I haven't been here since this post I made in May. I've lurked, but decided I wouldn't post again until I in some way could properly thank Peter ' Penpal' Hay for his wonderful gift he sent to me. :redface:

Well Peter, my friend , this is what I came up with. Not much I'm afraid, but I think it's pretty unique and really made my old grey matter work overtime to put my idea into reality. 

I have just this minute got it back from the engraver and took the last pic before wrapping it up and sending it on it's way. 

I hope you like it Peter !! :biggrin: 

I call it a Spenner.... a cross between a pen and a spanner..

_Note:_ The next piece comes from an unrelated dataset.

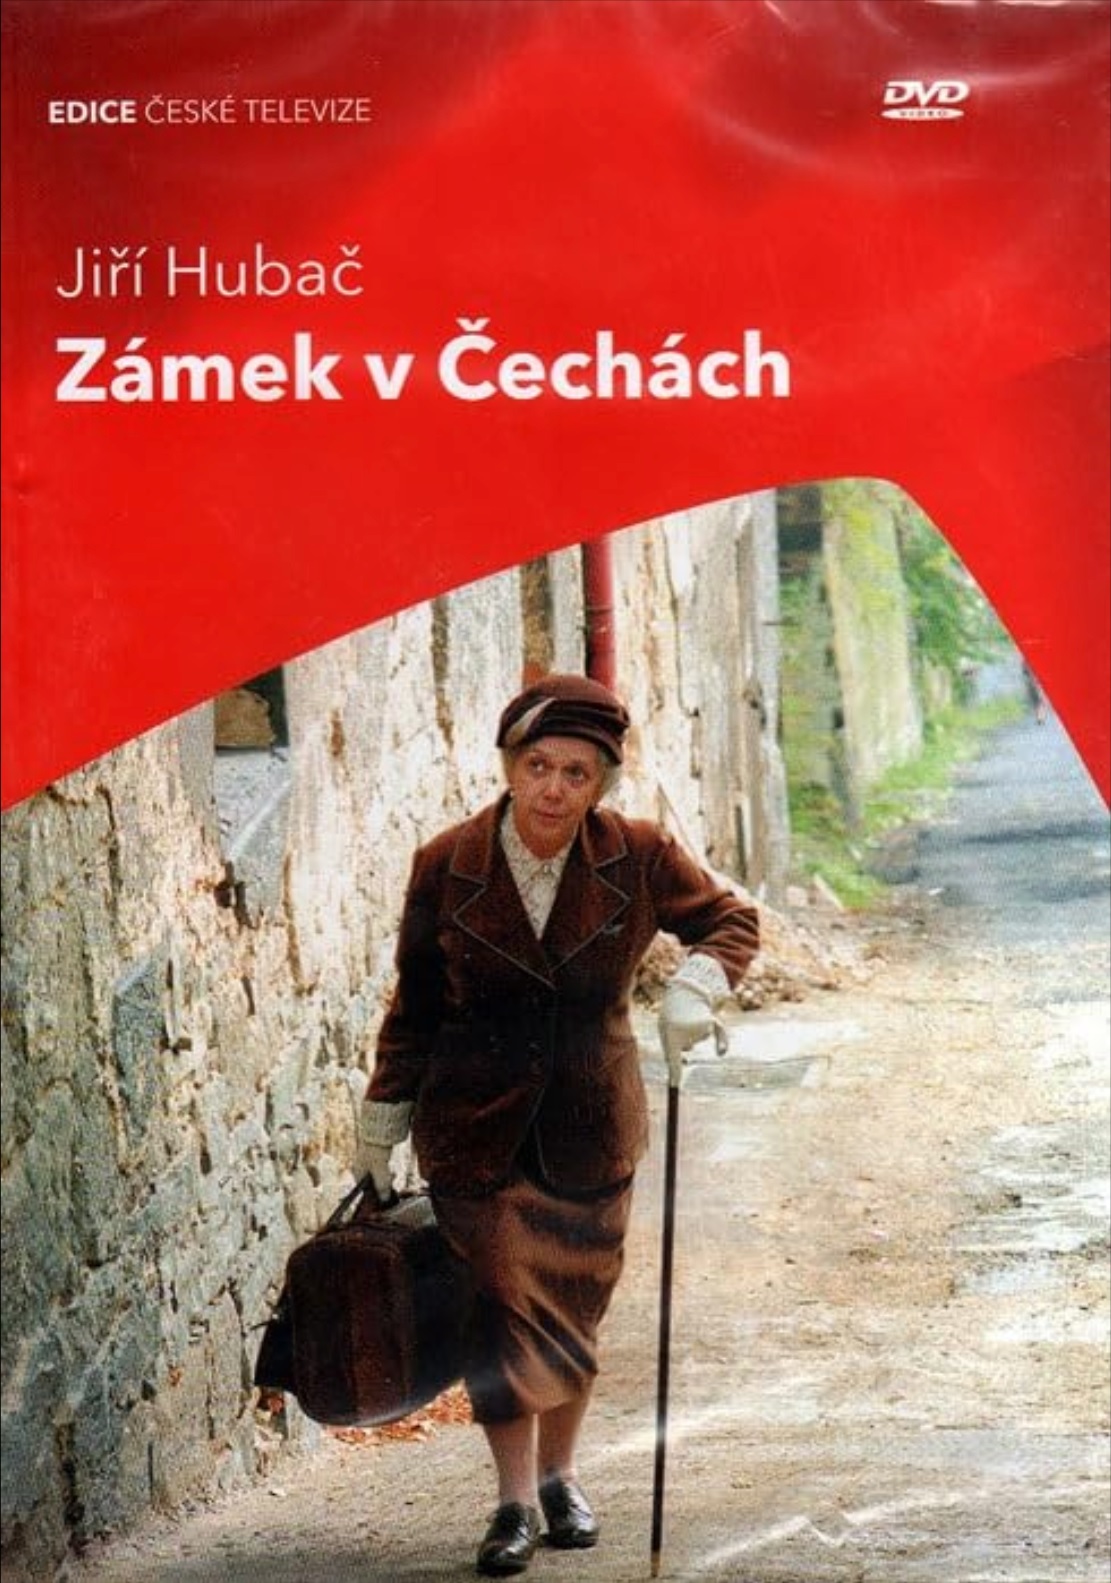 Plakát pro film “Zámek v Čechách”

It is made from 6mm thick stainless steel flat bar, a bit of brass knurled for the 'mech' and two 4mm Allen Grubscrews and of course a parker style refill.
It is actually the correct size for an 8mm nut/bolt...13mm

Some of the progress pics as well. 
No blood making this one....but plenty of blisters.....:biggrin:


----------



## lorbay (Aug 19, 2017)

Wow very nice Skip 
Lin


----------



## skiprat (Aug 19, 2017)

These two pics show the mech in and out. ( before engraving ):wink:


----------



## RKB (Aug 19, 2017)

Get Out!   That is freaking awesome. :biggrin:

Rod


----------



## gtriever (Aug 19, 2017)

Love it! That's definitely unique!


----------



## wood-of-1kind (Aug 19, 2017)

Very creative pen done for a fine 'gent'. Thanks for sharing.


----------



## Mr Vic (Aug 19, 2017)

Just wrenched my neck doing a double take. Simply awesome job Skip


----------



## Ambidex (Aug 19, 2017)

WOW


----------



## PatrickR (Aug 19, 2017)

Very cool! Awesome idea! You should make more.


----------



## thewishman (Aug 19, 2017)

Thanks for the photos! Great work!


----------



## qquake (Aug 19, 2017)

Oh my gosh, that is beyond amazing! WOW!!!


----------



## SteveG (Aug 19, 2017)

Hey Skip,
Can I order up a full set of "Spenners" in both Metric and SAE sizes? :biggrin:
And try to keep it under $100, although I will understand if it is more.  

Now, to get serious...

This type of project, an ultimate Steampunk perhaps, is one of the many facets of the art of pen making where you excel. From concept to execution, and all the steps in between, performed with excellence. Great job once again!


----------



## philb (Aug 19, 2017)

Awesome


----------



## skiprat (Aug 19, 2017)

Thanks for the comments, guys. If Peter likes it as much, then I'll be one happy camper..:biggrin:


----------



## eharri446 (Aug 19, 2017)

If he doesn't I take it off your hands. (lol)


----------



## magpens (Aug 19, 2017)

SteveG said:


> Hey Skip,
> 
> This type of project, an ultimate Steampunk perhaps, is one of the many facets of the art of pen making where you excel. From concept to execution, and all the steps in between, performed with excellence. Great job once again!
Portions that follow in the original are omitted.